Necessary but not sufficient

Startups live and die by the concept of necessary but not sufficient. A great idea is necessary but not sufficient to create a successful business. A certain amount of capital is necessary but not sufficient for success. Sales are still the critical factor. The same goes for a great team, discipline, even great advisors.

Luck, meaning randomness, is always a factor as founders navigate each of the many hurdles every new company faces. The startup process is exhausting. Good incubators, idea networks and investors all smooth the way during this daunting process.

This is not to say that money from experienced, accredited investors or professionals doesn’t have drawbacks. Many cities have established angel investor networks that shepherd startups through local incubators and into the hands of area investors who are looking to support the region’s economy and, as always, get a return on their money. This system represents an important lifeline for startups, but can also be limiting. Once a local angel investor pledges the first $50,000, $250,000 or $500,000 to a startup, founders often feel both relief for winning the offer and loyalty toward that investor. Because many founders view fund raising as a necessary evil, they then stop looking at the funding landscape or shopping their company until the next funding round.
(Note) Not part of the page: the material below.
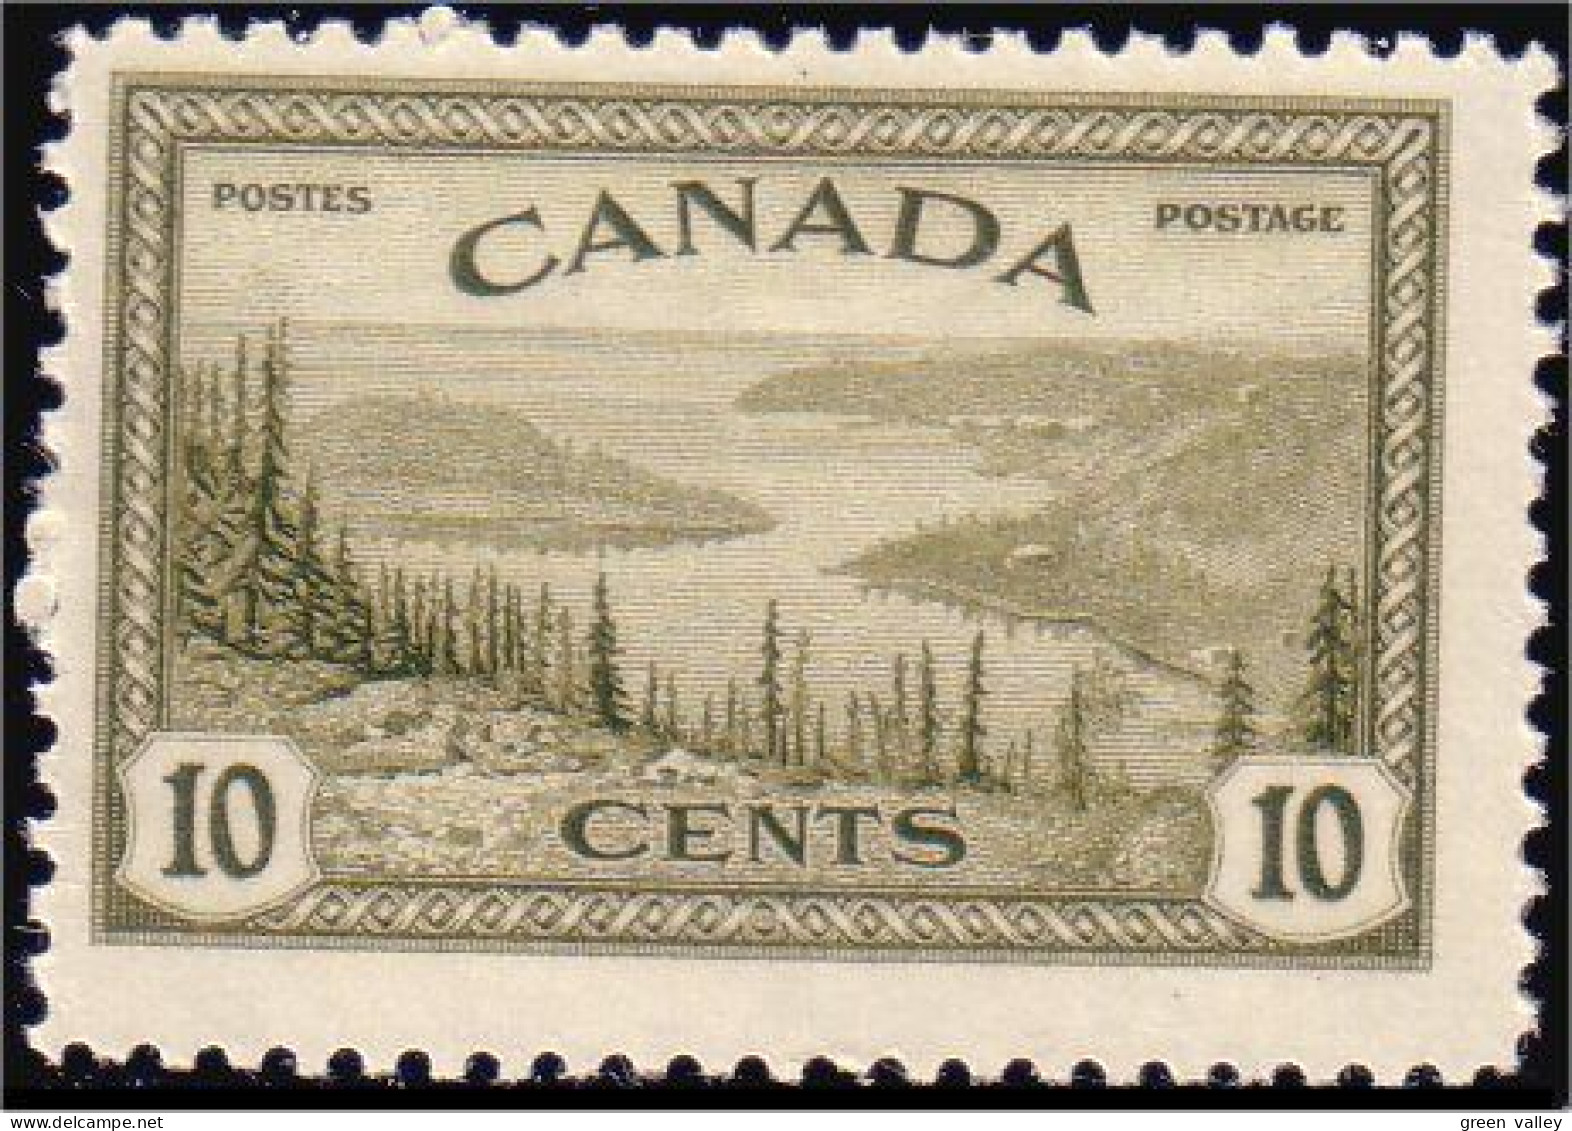 951 Canada 1946 Great Bear Lake MNH ** Neuf SC (33) - Neufs
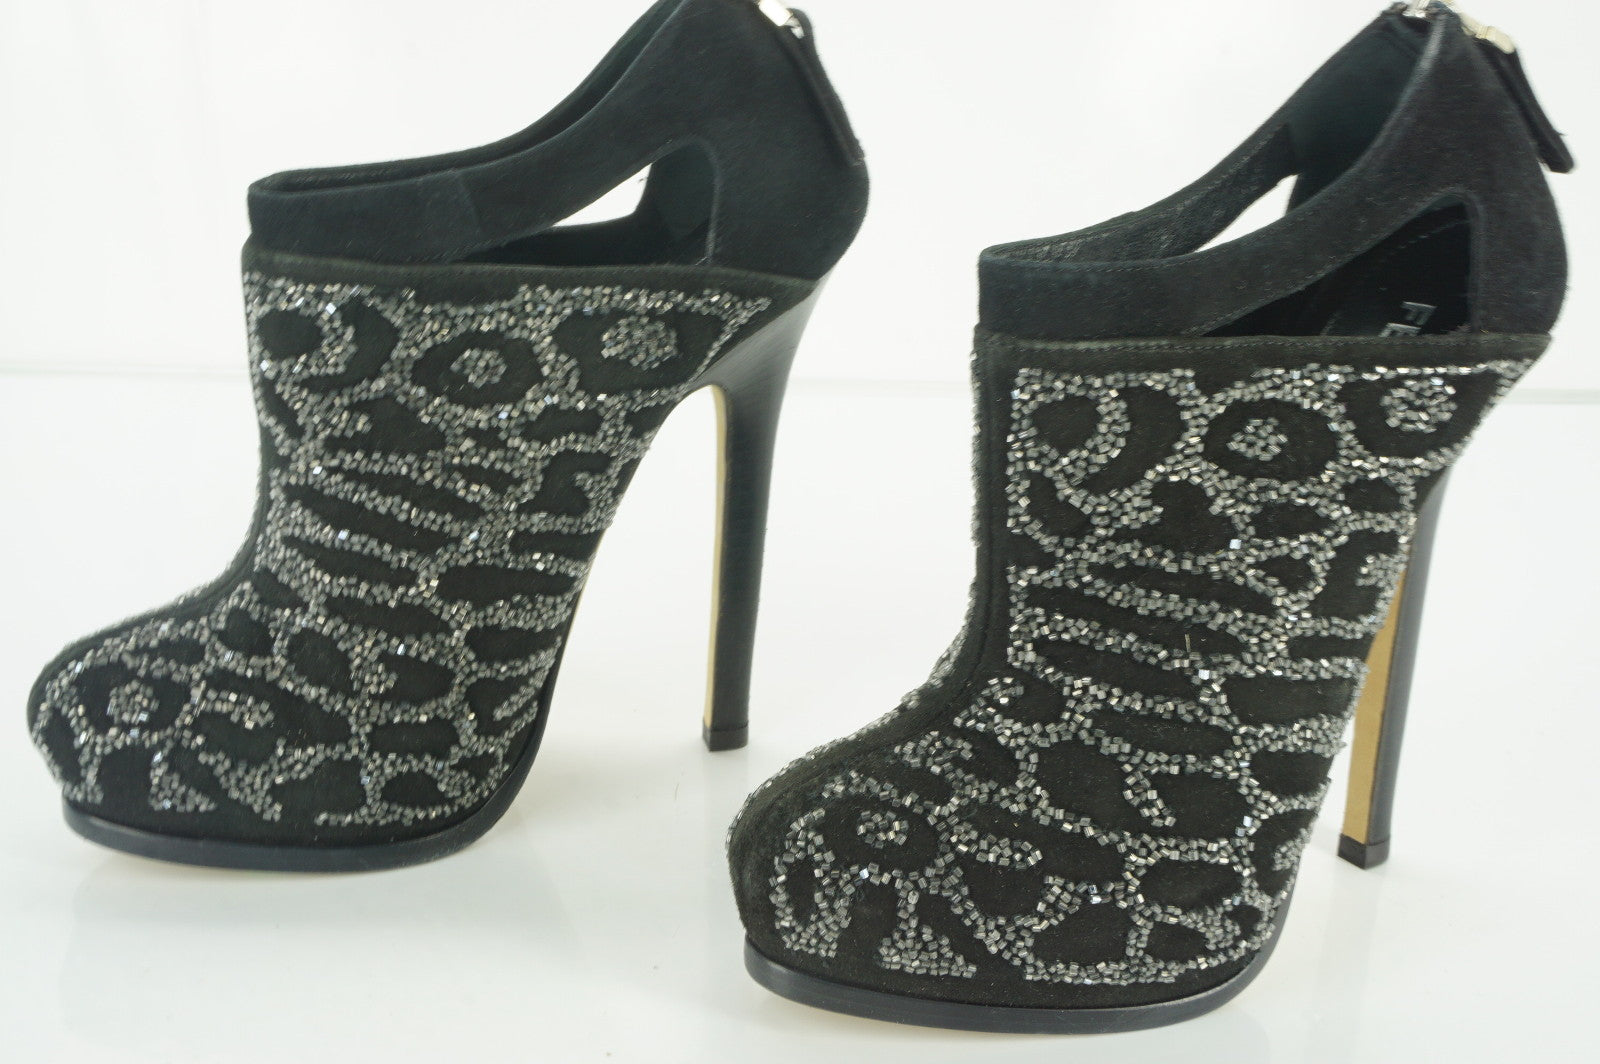 Fendi Crystal Trim Suede Vertigo Platform Heel Ankle Booties Size 35 $1195 Zip

This type of loyalty to local money can devalue a company. Investors who demand that a company forego investigating the broader market are conveniently keeping themselves out of a bidding process. If the foundation of a company is solid, founders should want the idea in front of as many seed investors as possible. Geography should not be an obstacle, as capital and ideas can move regardless of borders these days.

Still, the first local offer is, as a rule, a good one and an important step for new businesses. So the time to shop the company and survey the landscape is long before those first offers come into play. It is at the idea stage. This is where The Venture List series can help. It provides a quick reference for founders who want to gain a broad understanding of the startup network landscape.